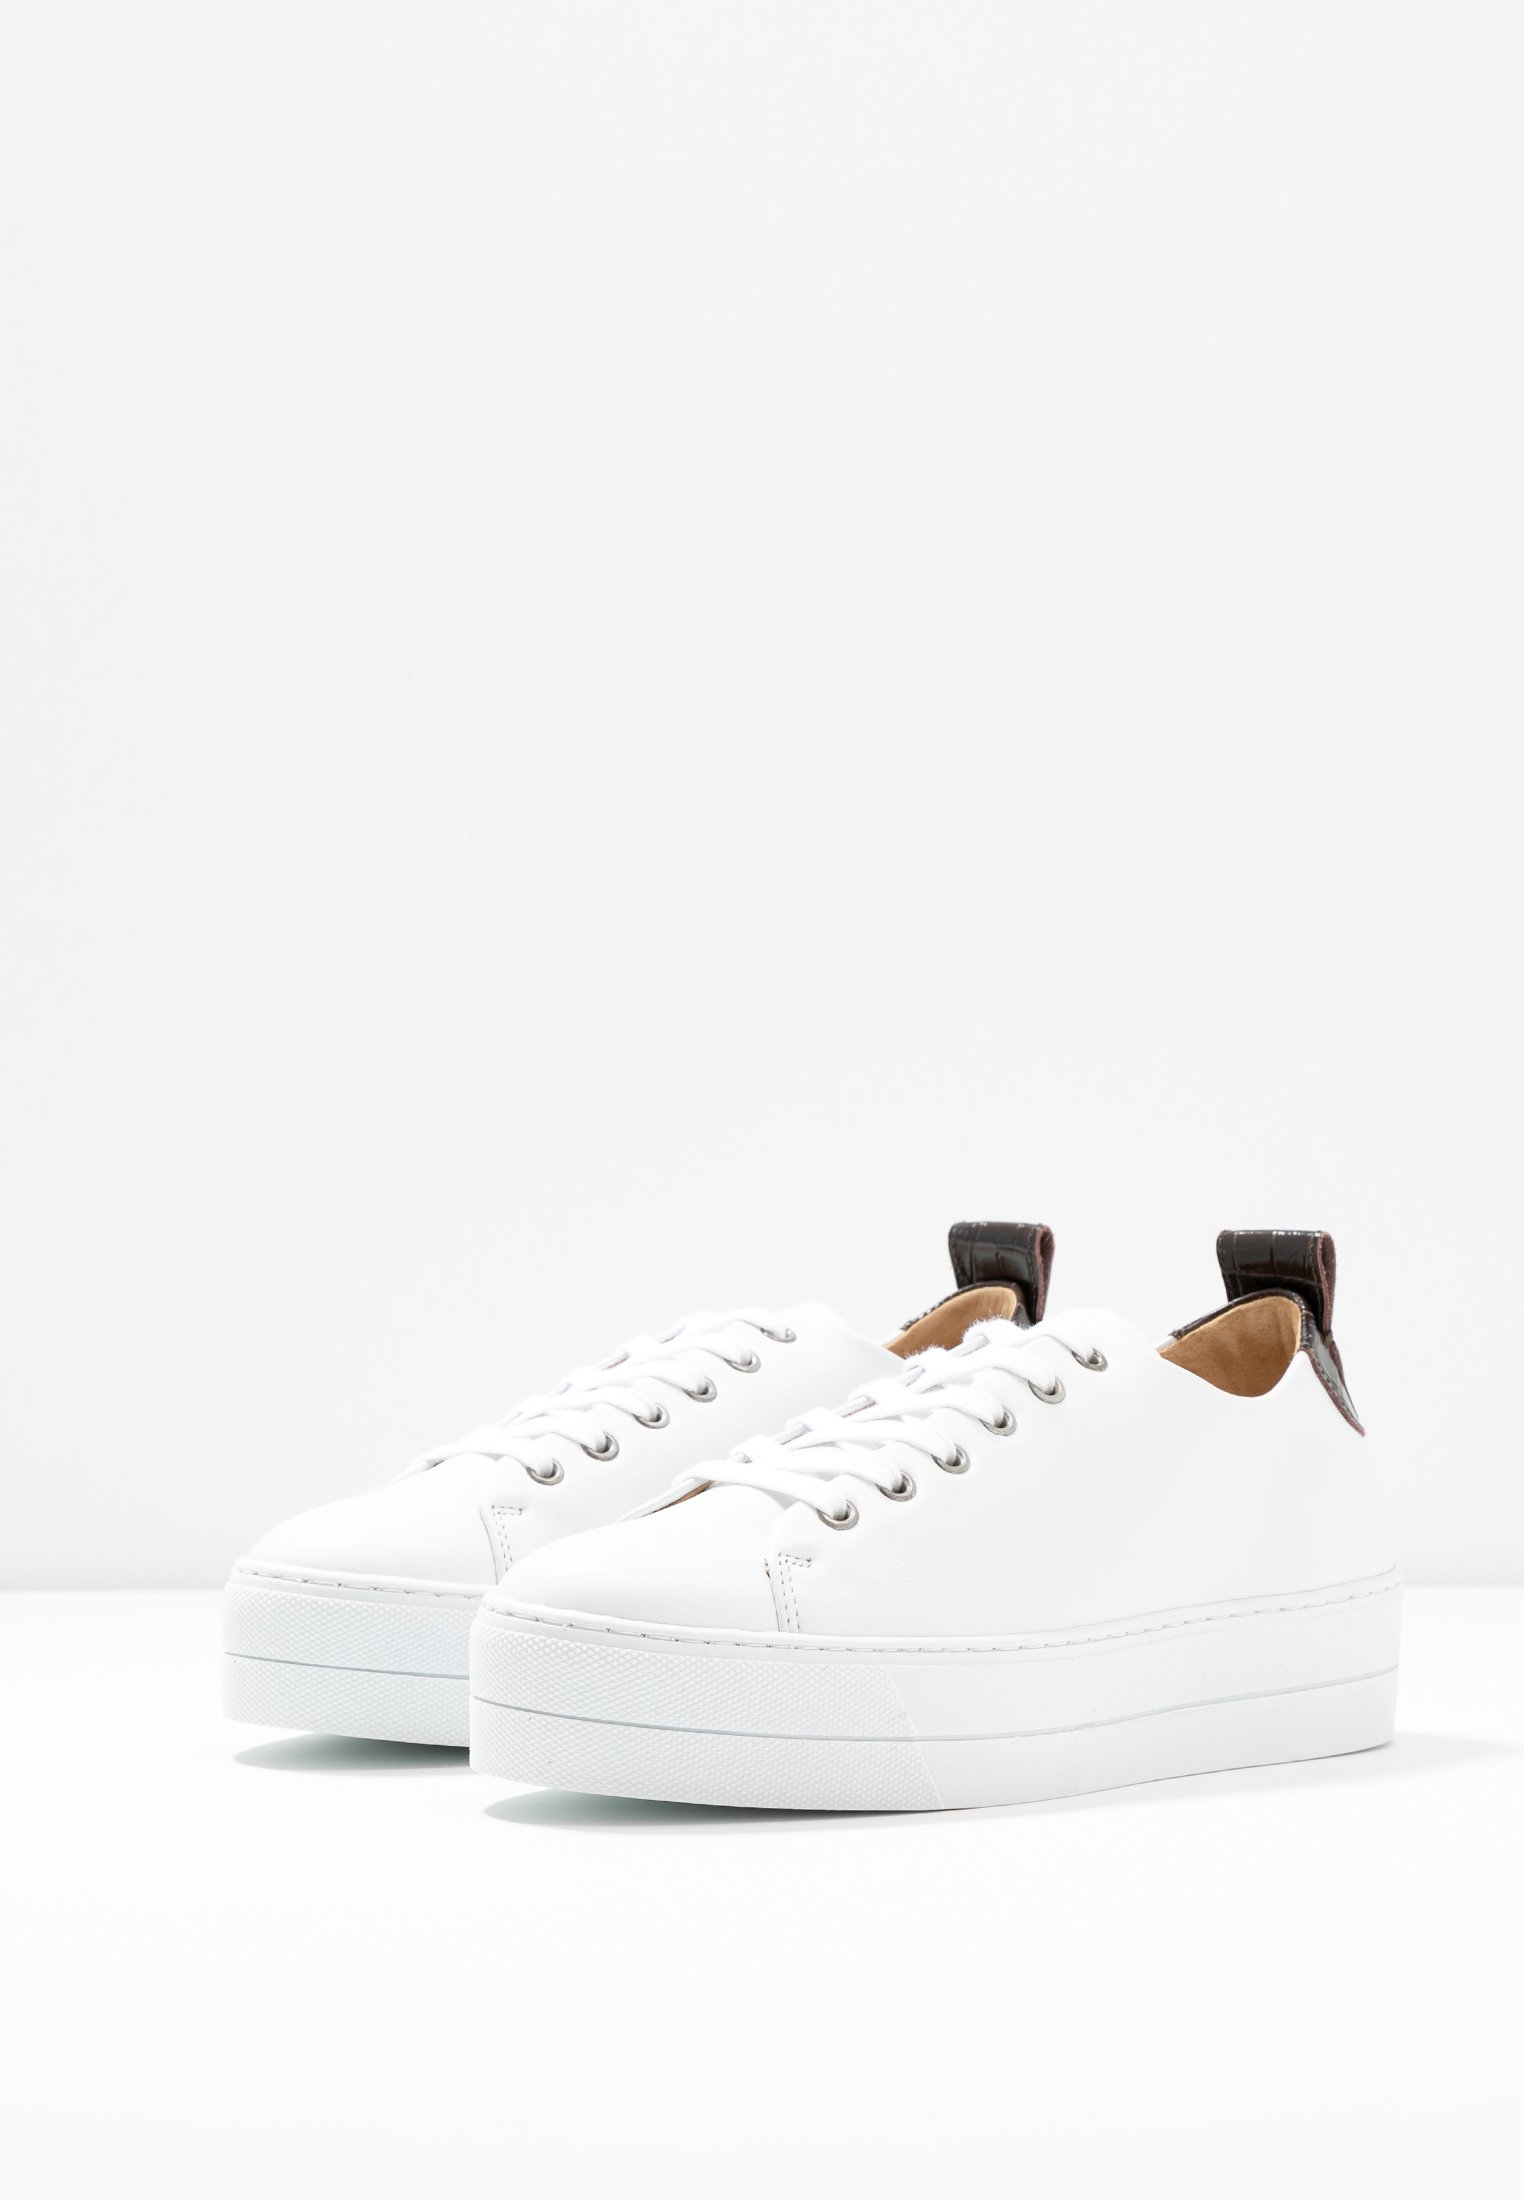 Samsøe Samsøe BURMA 9638 - Sneaker low - white/dark brown - Black Friday
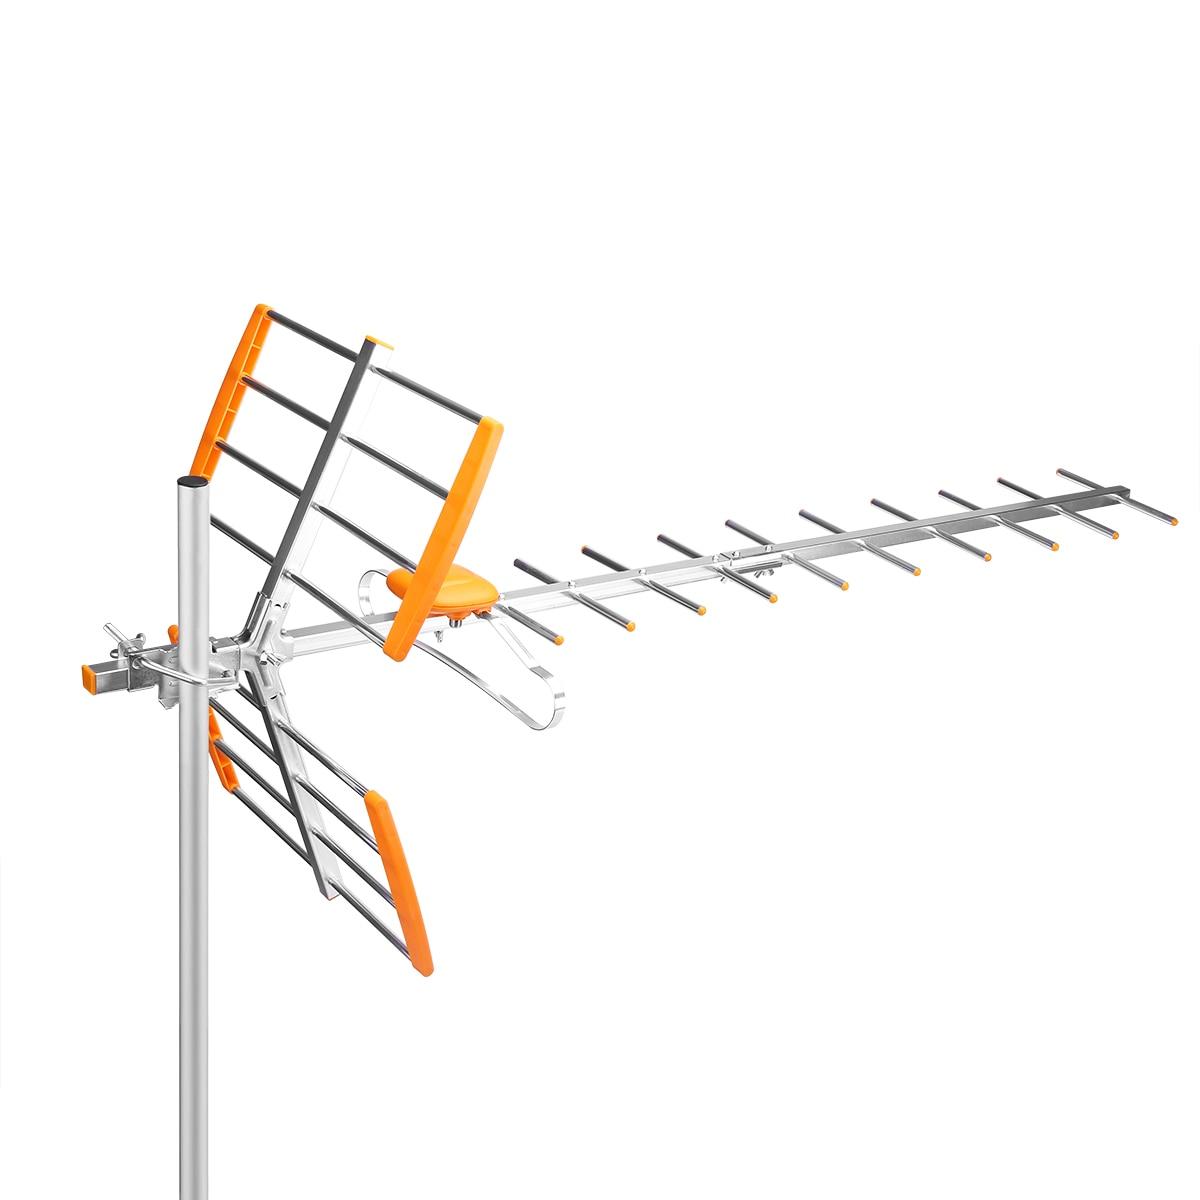 Antena exterior de alta ganancia HDTV de 80 millas, rango de recepción de 470MHz-860MHz, antena Digital amplificada para exteriores/ático/techo
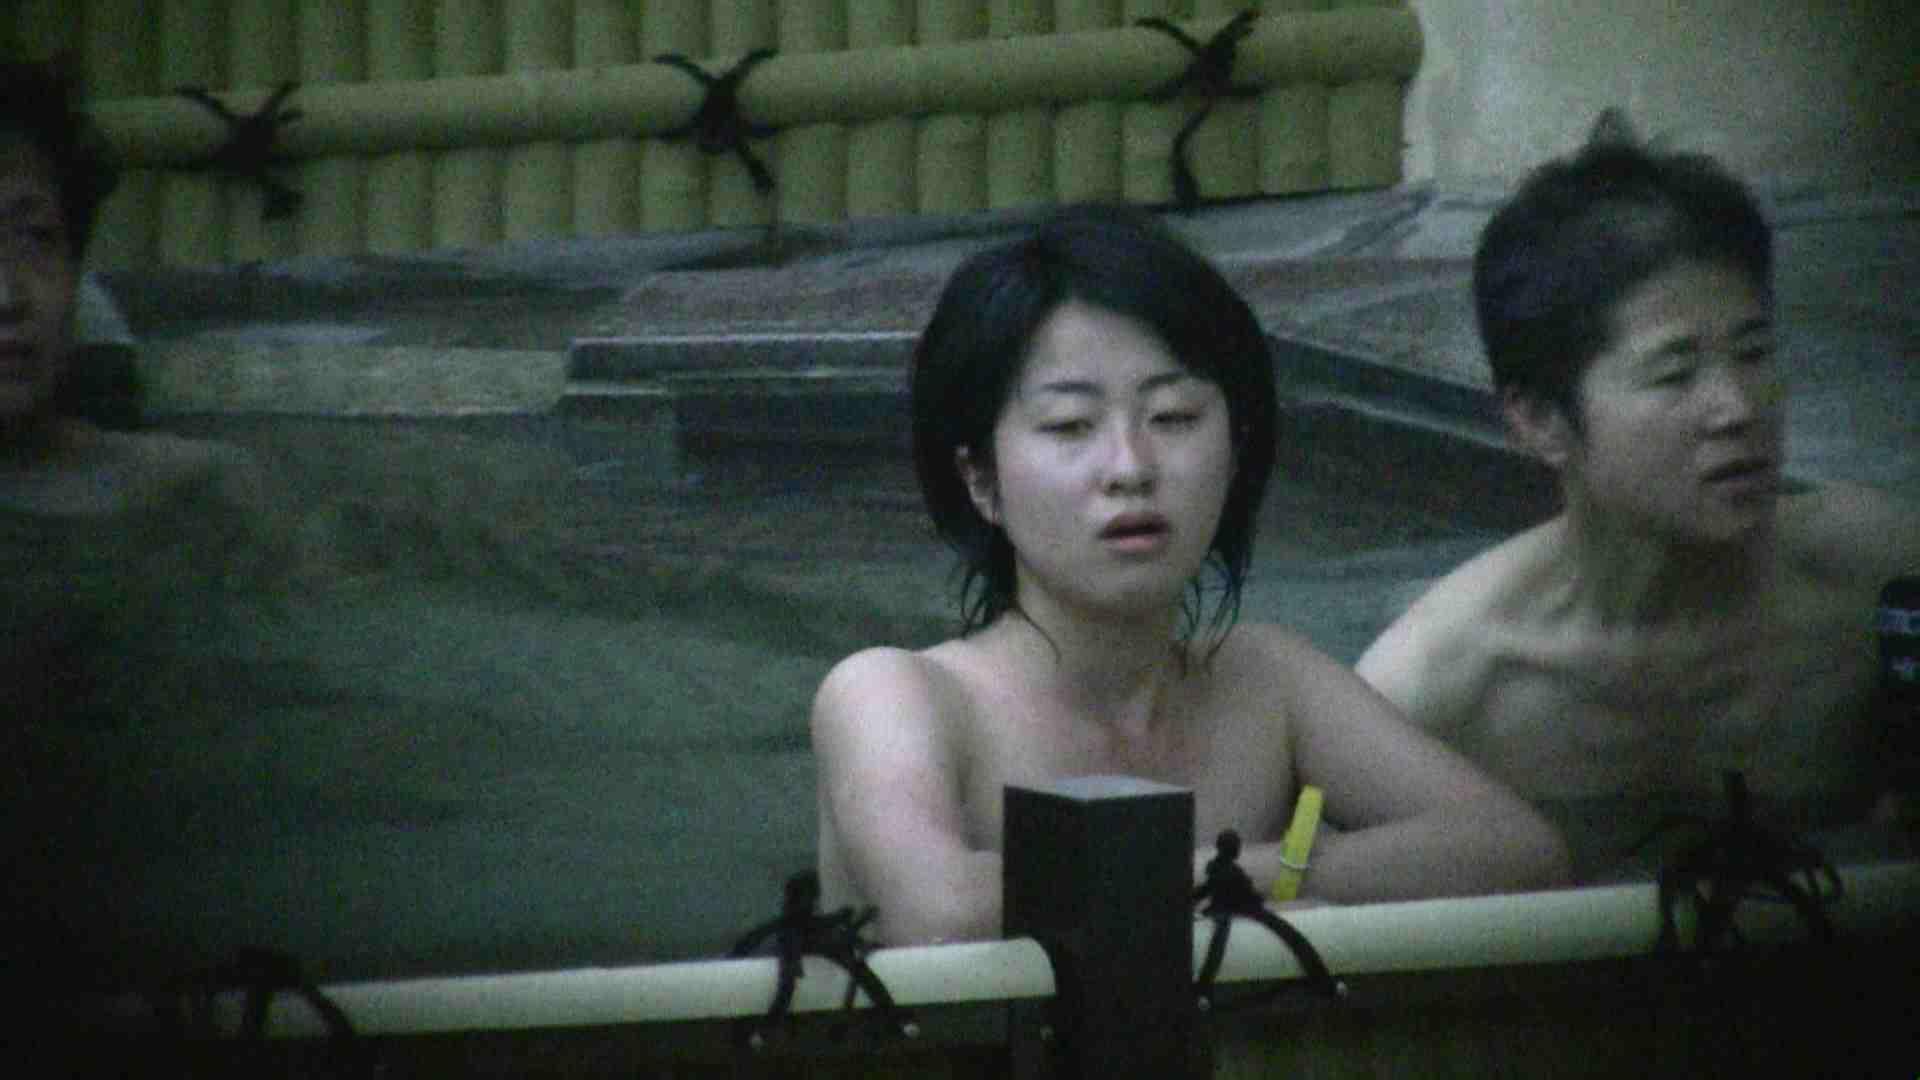 Aquaな露天風呂Vol.112 0  68連発 34
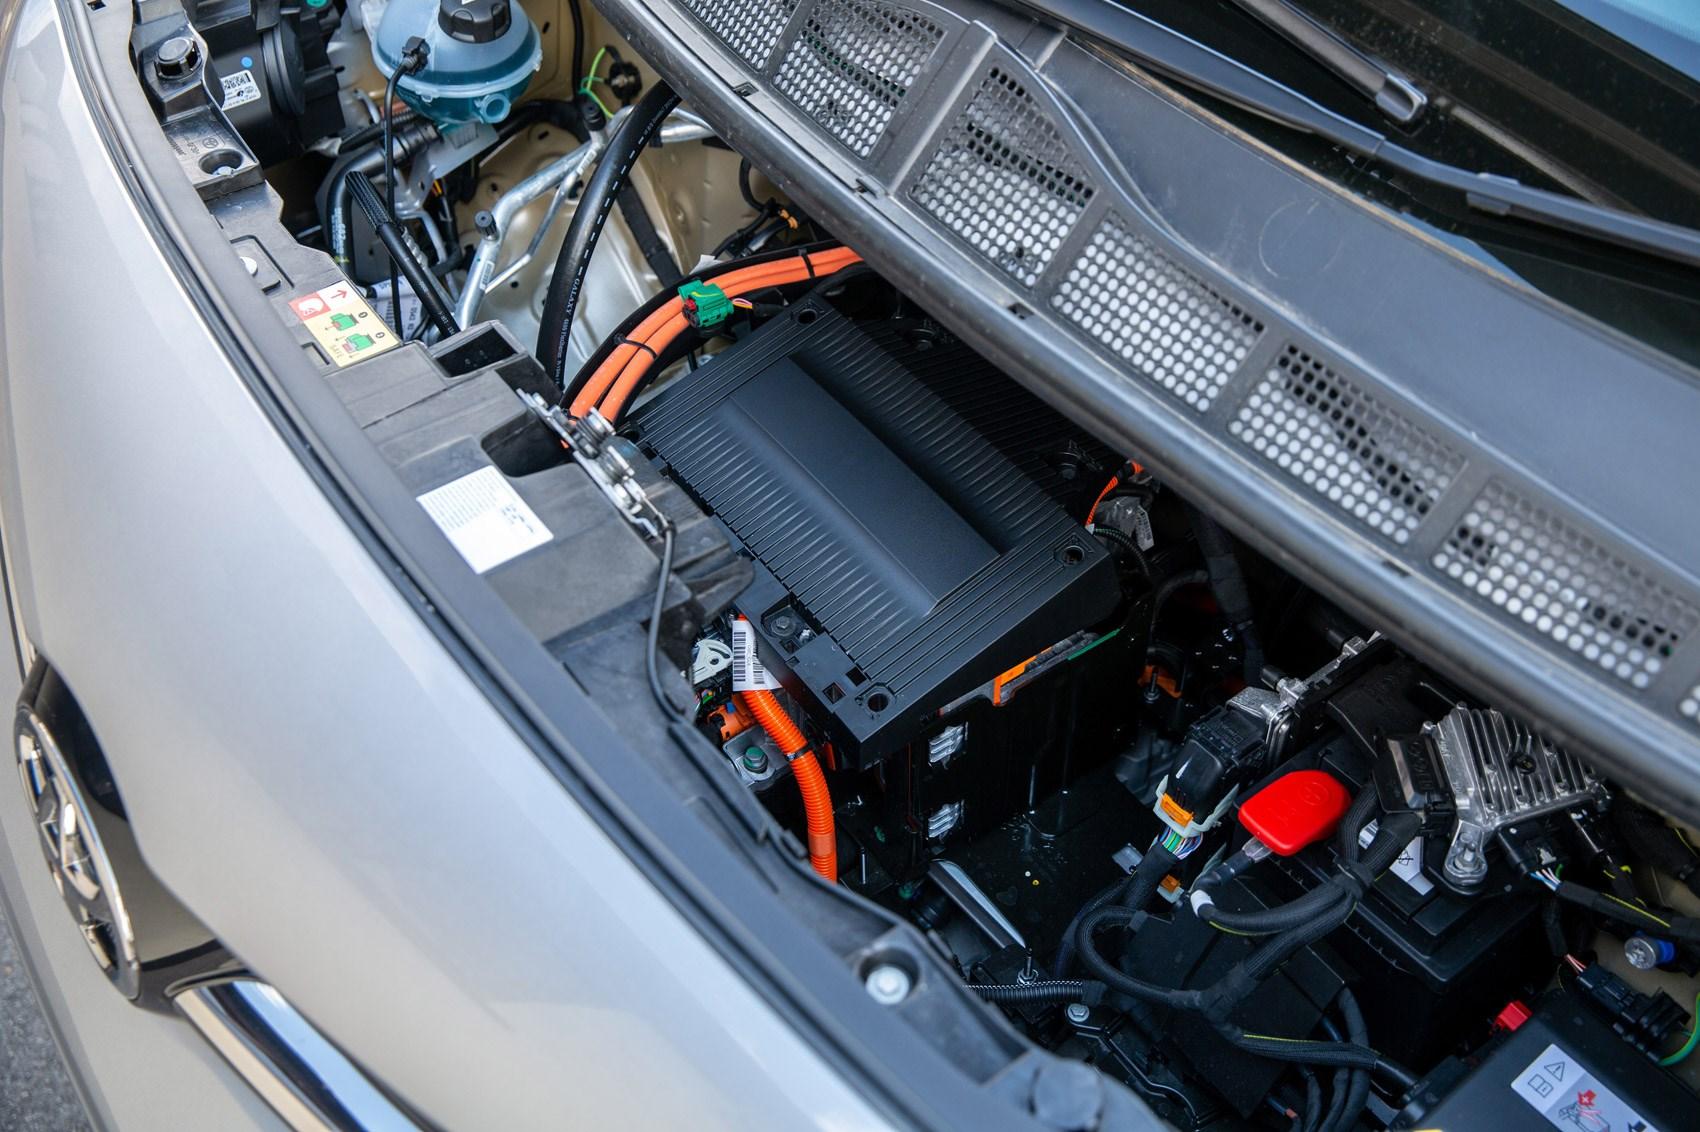 Toyota Proace Electric van review, reliability, view under bonnet

## Problem statement:
A faithful copy of all the data above is required, printed exactly and with no pictures.

## Solution:
 Samsøe Samsøe BURMA 9638 - Sneaker low - white/dark brown - Black Friday
 Antena exterior de alta ganancia HDTV de 80 millas, rango de recepción de 470MHz-860MHz, antena Digital amplificada para exteriores/ático/techo
 Aquaな露天風呂Vol.112 0  68連発 34
 Toyota Proace Electric van review, reliability, view under bonnet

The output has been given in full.